Will Box Y Remain in Equilibrium?

[aerograce]

Homework Statement

A 8-kg homogeneous box X is resting against another 20-kg homogeneous box Y at
an angle such that its diagonal BC is horizontal as shown in Figure Q1. The angle
of static friction between box X and the floor is 45° and that between box Y and the
floor is 30°. Treat the contact surface between the two boxes as smooth. For
practical simplicity, use g = 10 m/s2.
Figure: View the attachment

(a) Determine whether box X is in equilibrium.
(3 marks)
(b) Determine whether box Y is in equilibrium with respect to sliding along the floor
and rotation about the corner A.
(4 marks)

Homework Equations

$\mu$=$\frac{F}{N}$;
Tan$\alpha$=$\mu$

The Attempt at a Solution

Solving for Question b:
Identify that Box X is a three force body, and if it has to reach equilibrium state, the three forces have to pass through the center of mass. Draw a reaction force R(A) from the bottom of box X to its center of mass. Based on calculation, the angle formed by the R(A) with respect to the ground is 48.2°, which is more than the angle of static friction, and hence Box X is not equilibrium.

My problem is that, when I went to analyze Box Y, I cannot get sufficient values to analyse it as Box X is not at equilibrium and hence the normal contact force between them cannot be calculated.

Any thoughts? Thank you so much!

 

[tiny-tim]

hi aerograce!

Based on calculation, the angle formed by the R(A) with respect to the ground is 48.2°, which is more than the angle of static friction, and hence Box X is not equilibrium.

isn't it the other way round?

if the angle from the ground was 90°, that would be ok wouldn't it?

 

[aerograce]

hi aerograce!


isn't it the other way round?

if the angle from the ground was 90°, that would be ok wouldn't it?

Hello! Could you attempt this problem? I recalculate my forces and found box X still not in equilibrium. The required minimum angle of friction is 53.2 degrees, which is more than angle of the static friction provided. Hence box X will not be in equilibrium.

My friend looks at this problem another way:
He takes moments of Box X about the point where it touches the ground, which gives him the reaction forces between two boxes. And this reaction force is 71N, which is less than the maximum static friction here(80N), hence it is in equilibrium. And my question is, if reaction force is 71N, the static friction force will be 71N as well. And the three forces will definitely not converge at one single point(according to geometry).

Sorry I am very confused now and I am looking for your help:) Thanks a million!

 

[tiny-tim]

hello aerograce!

My friend looks at this problem another way:
He takes moments of Box X about the point where it touches the ground, which gives him the reaction forces between two boxes. And this reaction force is 71N, which is less than the maximum static friction here(80N), hence it is in equilibrium. And my question is, if reaction force is 71N, the static friction force will be 71N as well.

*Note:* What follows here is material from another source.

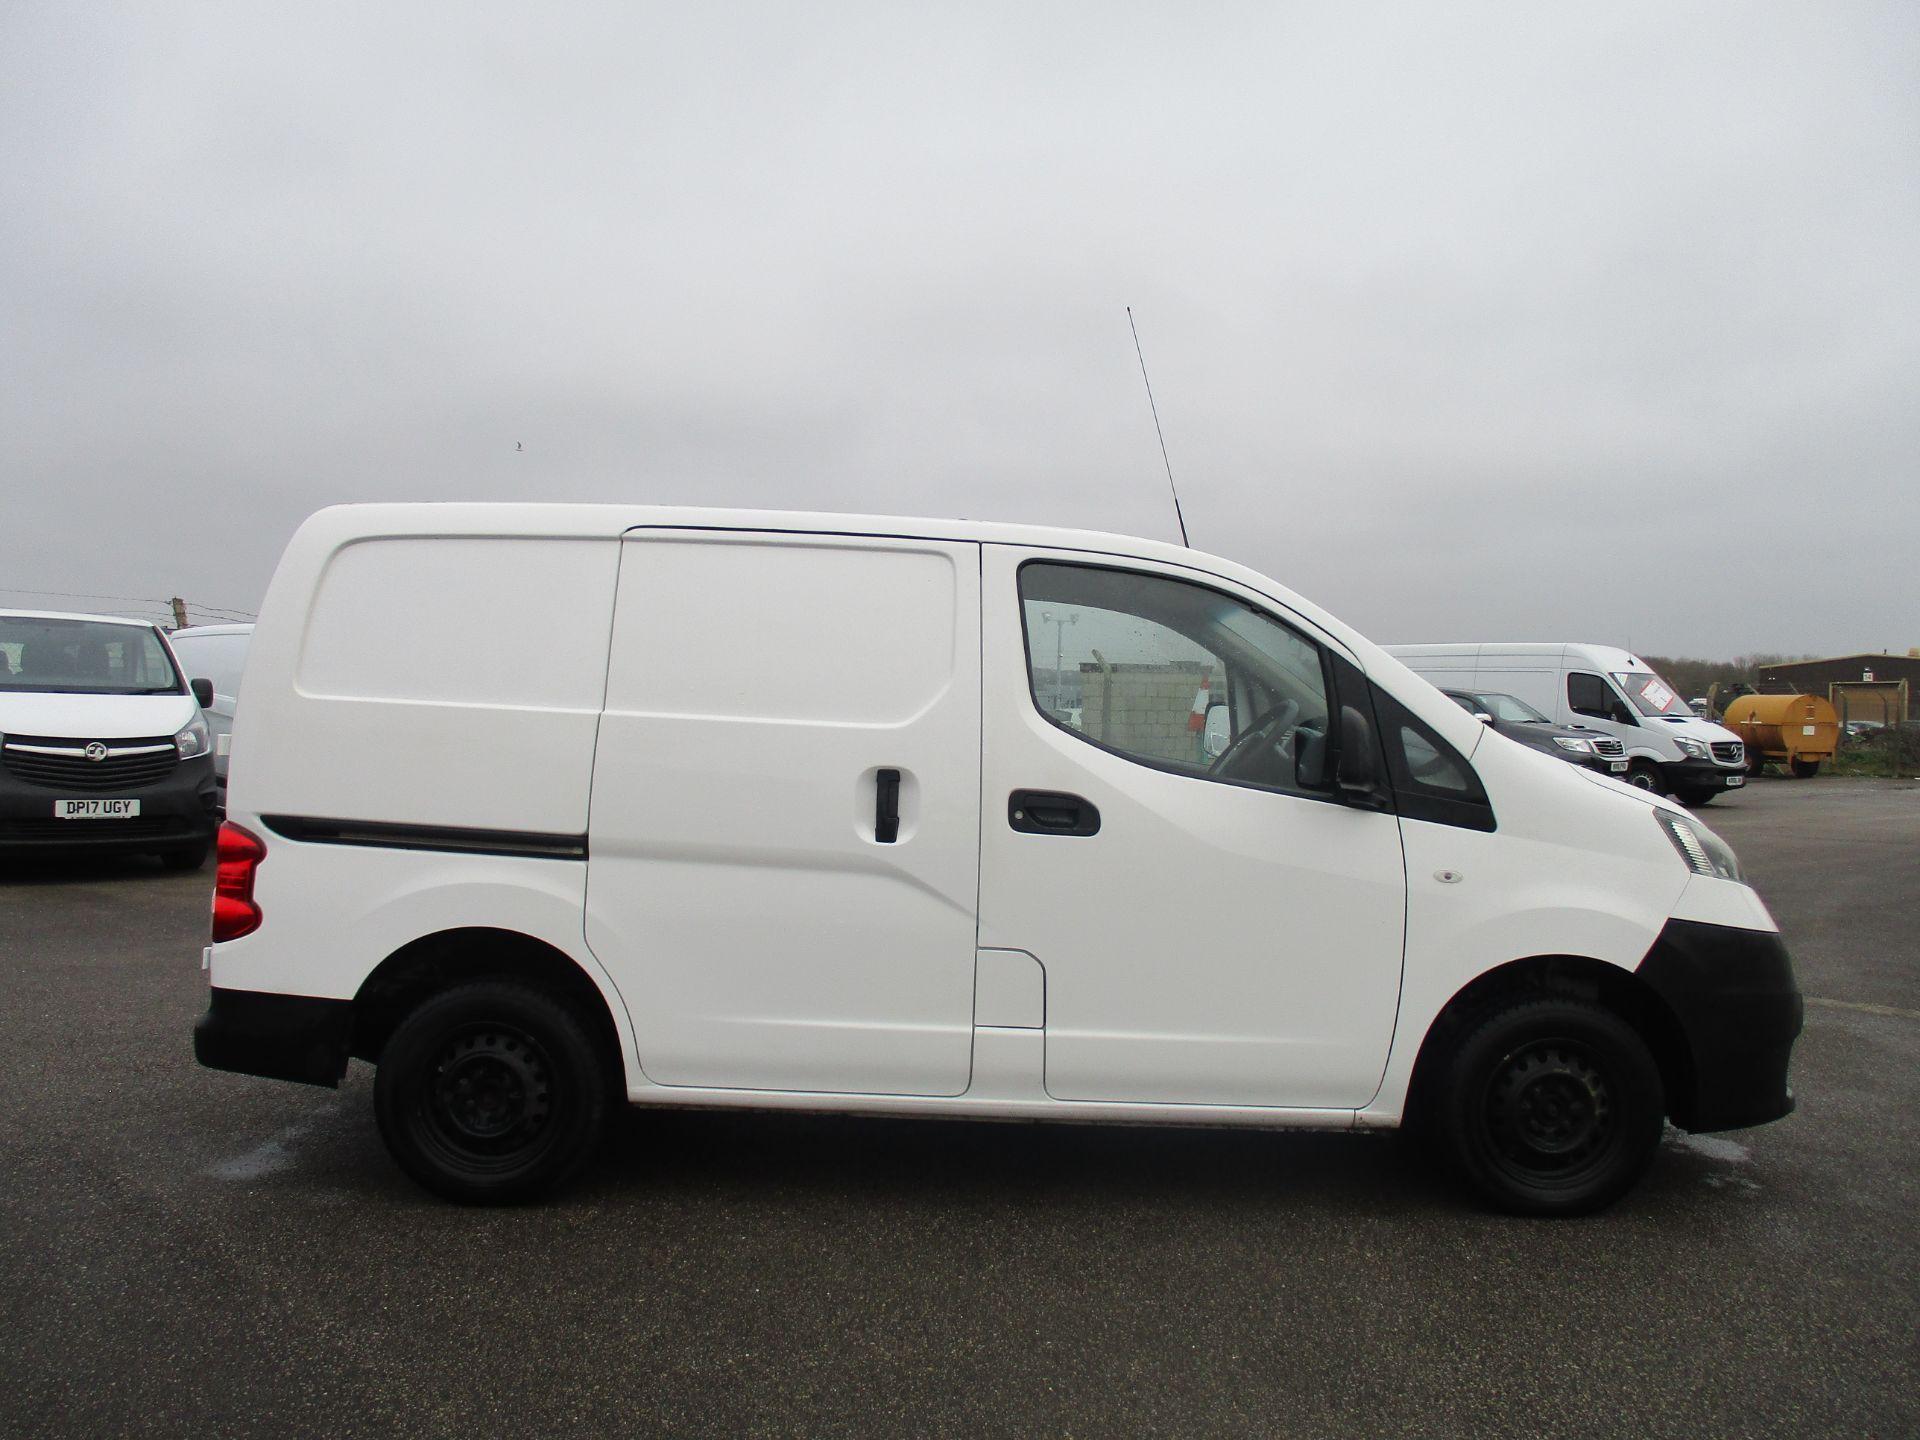 2014 Nissan Nv200 1.5 DCI ACENTA EURO 5 (SJ14YBR) Image 4

And the three forces will definitely not converge at one single point(according to geometry).

yes they do converge

the three forces are the horizontal reaction force at B, the weight, and the reaction force from the ground

the first two forces obviously go through the centre of mass

the third force (which is mg down and 71 N horizontally) also goes through the centre of mass

 

[Nickie]

I would suggest looking at the forces acting on Box Y individually. The normal force between Box Y and the floor can be calculated using the weight of Box Y and the angle of static friction between Box Y and the floor. This normal force can then be used to calculate the maximum possible frictional force between Box Y and the floor using the equation \mu=\frac{F}{N}. If this maximum frictional force is greater than the force acting on Box Y due to Box X, then Box Y is in equilibrium. However, if the maximum frictional force is less than the force acting on Box Y due to Box X, then Box Y is not in equilibrium and will experience sliding and/or rotation. This analysis can be repeated for different angles of rotation and the maximum frictional force can be compared to the force acting on Box Y due to Box X to determine the range of angles at which Box Y will be in equilibrium.